Selective conversion of glycerin to glyceric acid under mild and base-free conditions using layered double hydroxides-supported Pt nanoparticle catalysts

BACKGROUND: Glyceric acid (GLA) has immense potential as a versatile compound with significant biological activity in the field of life sciences. Its production from glycerin (GLY) through selective aerobic oxidation offers an attractive route for sourcing chemicals from biomass. However, achieving high yields of GLA under mild conditions, specifically base-free and low-temperature conditions, presents a notable challenge. RESULTS: In this study, we present the remarkable catalytic performance of Pt nanoparticles (NPs) supported on cerium-doped layered double hydroxides (LDHs), yielding an impressive GLA selectivity of 60.3% at 60 degrees C. Our findings indicate that the Ce-doped catalyst greatly enhancing catalyst alkalinity and catalytic performance, particularly at low temperatures. The cyclic performance of Pt/1%CeMg1Al1-LDH revealed a gradual decline in catalytic performance after five cycles, indicating the catalyst's inherent resistance to deactivation.

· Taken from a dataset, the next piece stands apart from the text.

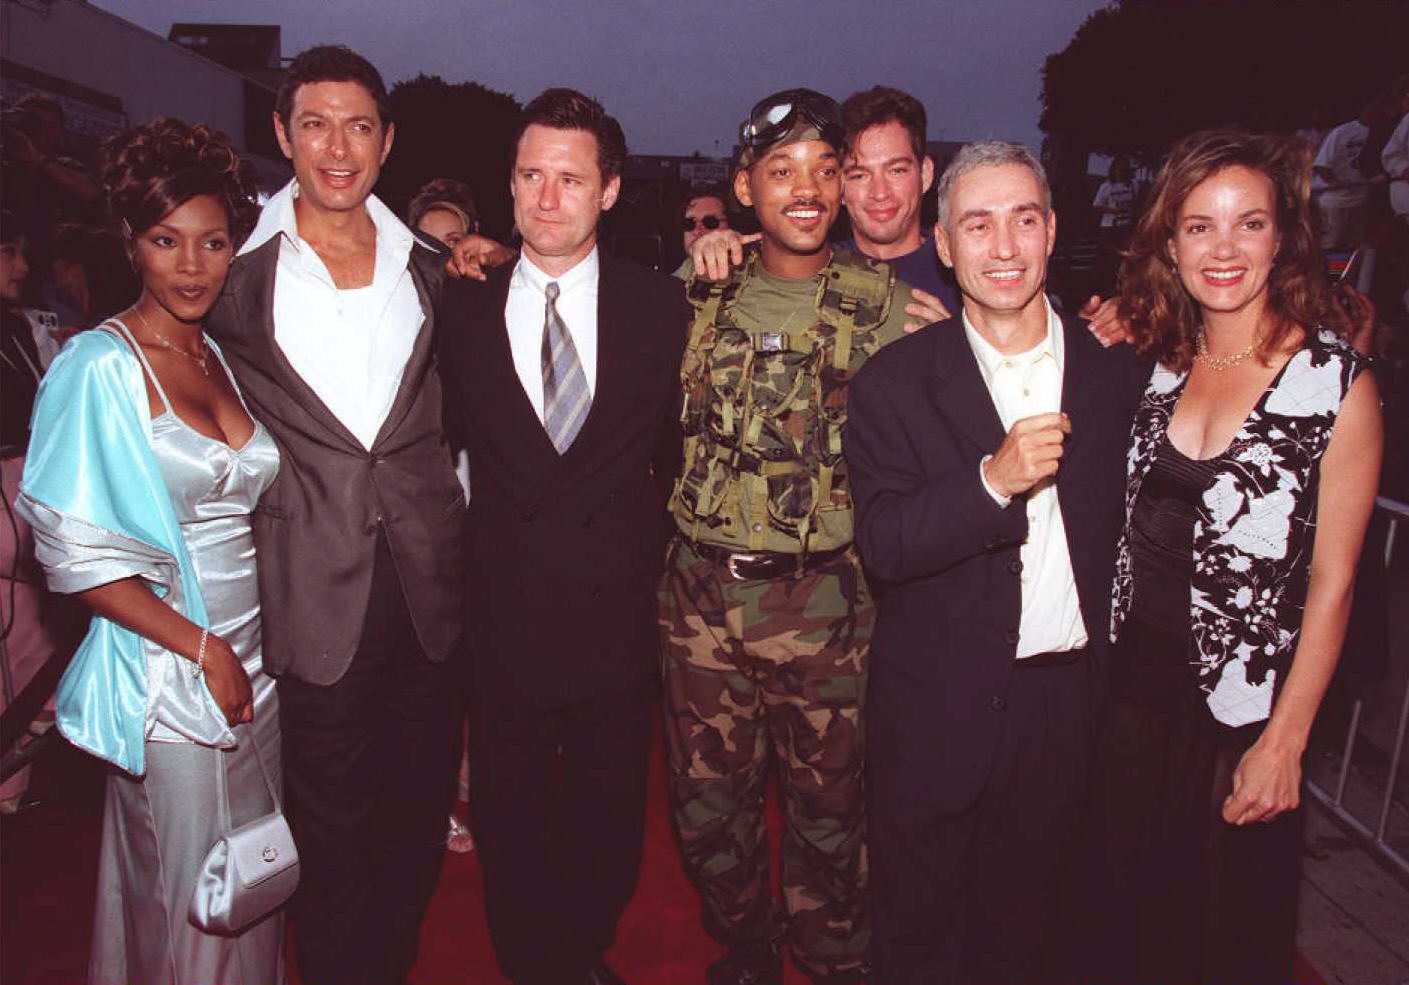 Vivica Fox, Jeff Goldblum, Bill Pullman, Will Smith, Harry Connick Jr., director Roland Emmerich, and Margaret Colin from 'Independence Day' posing for a photograph

CONCLUSION: The construction of CeO2 and the increase in catalyst alkalinity after Ce doping may be the main reasons for improving the catalytic performance. The mild and base-free reaction conditions represent a pivotal step toward the future industrialization of glyceric acid, considering their divergence from conventional glycerin conversion conditions. (c) 2023 Society of Chemical Industry.